When to go: The peak travel season in Istanbul is summer time (June – August), but the weather can get hot and the crowds fierce. Instead consider waiting until the fall (September – November) when the heat cools and the crowds diminish. Prices also fall a bit as well, particularly on accommodations. If you want to brave colder weather, along with lower prices and even fewer crowds, then winter isn’t a bad time to visit.
Indie travel tips from those who have been there: We asked readers, writers, and any traveler we came across to offer tips for visiting each of our destinations, and here’s what they had to say about Istanbul.
- “Cruise up the bosphorous. On a sunny, this affordable boat ride on the water gives you a wider view of the city’s expanse and also is a good excuse to drink cay (tea) and sit down (after walking around all day).” – Annie Shustrin
- “Go out, late, in Beyoglu. There are tons of tradition meze restaurants, bars, clubs, and cafes all centered around Istiklal Caddesi – the area’s main walking thoroughfare. It’s a really lively and fun scene, though a little overwhelmingly crowded at times.” – Annie Shustrin
- “Visit the Grand Bazaar and buy something. Anything. Bazaars and haggling are a HUGE part of MiddleEeastern culture, so as touristy as something like the Grand Bazaar may seem, it’s not a touristy activity – though you may find a lot of tourist goods.” – Annie Shustrin
- “Drink cay. Turkish coffee may be more popular in the west, but Turkish culture is built on cay (black tea). You drink it out of a tiny shotglass-like cup on a tiny tray. its usually served with a sugar cube or two and mini-spoon for stirring. Cay is always inexpensive so its easy on the wallet.” – Annie Shustrin
For more on traveling to Istanbul, check out the following articles and resources:
- Check out the Istanbul Indie Travel Guide
- Read Eat Your Way Around Istanbul: 10 Dishes Not to Miss
- Find a flight to Istanbul
There has been much political instability in Madagascar ever since they gained their full independence back in 1960. The past few years have seen much of the same, but we’re hoping that 2013 is different. Though they have been postponed before, presidential elections are scheduled for May of this year.
Indie travelers who head to Madagascar will be greeted by a fascinating, unique, and curious culture. Because of its isolation from other countries, it has become a great place to go for plants and animals that cannot be found anywhere else in the world. There are over 10,000 plant species native to Madagascar, 90% of which cannot be found anywhere else on Earth.
I almost never feel like I’m competing with a crowd of tourists and like I’m always creating my own adventure, discovering things few people elsewhere in the world will ever see. – Jessie Beck
The local sites and wildlife are always a good reason to visit a country, but often indie travelers want more out of their trips.
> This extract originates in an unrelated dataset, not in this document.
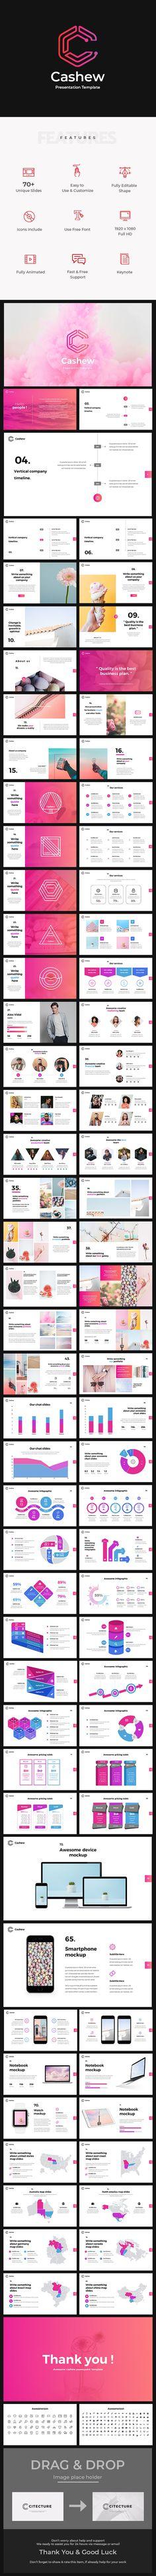 Cashew Creative PowerPoint Presentation Template - 100 Total Slides

We hope to connect with the locals and really learn about the culture, and Madagascar really provides that opportunity, as long as you’re willing to open up.
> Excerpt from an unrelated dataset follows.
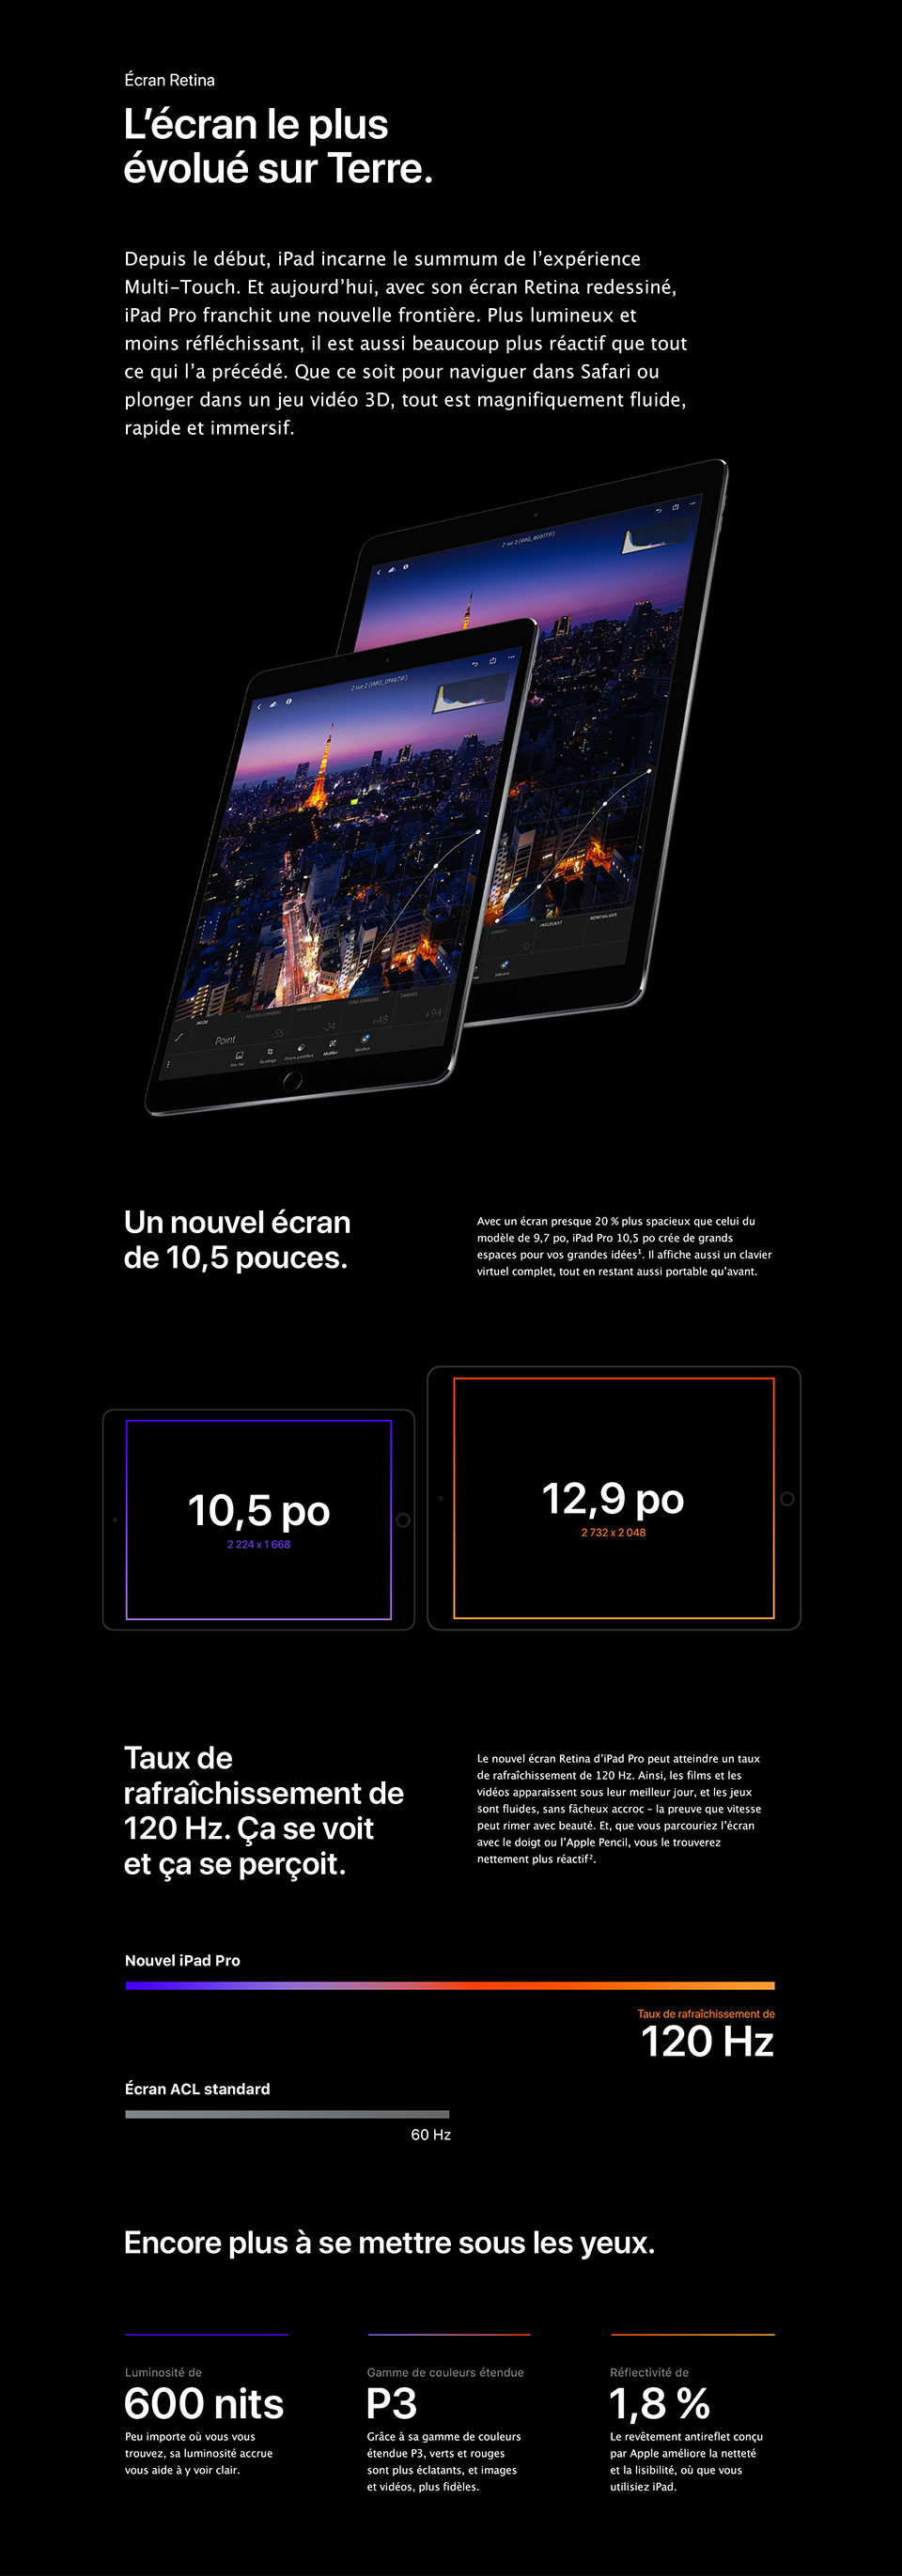 iPad Pro 12.9-inch. iPad Pro 9.7-inch

Jessie Beck, who has been living, working, and traveling around Madagascar for the past year and a half as a Peace Corps volunteer, says, “Malagasy are curious of foreigners and generally easy to befriend and quick to tell you anything you might want to know about Madagascar…All of Madagascar’s 18 regions are dominated by a different tribe, each with their own dialect, customs, art, music, and dance, and each with its own vibe. In short, Madagascar is more than just lemurs and baobabs.”
When to go: Madagascar has two distinct seasons, the hot and rainy season from November to March, and the cooler, dry season from April to October. The east coast of the island is hit hardest by the rainy season, and January to March sees the heaviest rainfall. The ideal time to travel in Madagascar is April and October/November.
Indie travel tips from those who have been there: We asked readers, writers, and any traveler we came across to offer tips for visiting each of our destinations, and here’s what they had to say about Madagascar.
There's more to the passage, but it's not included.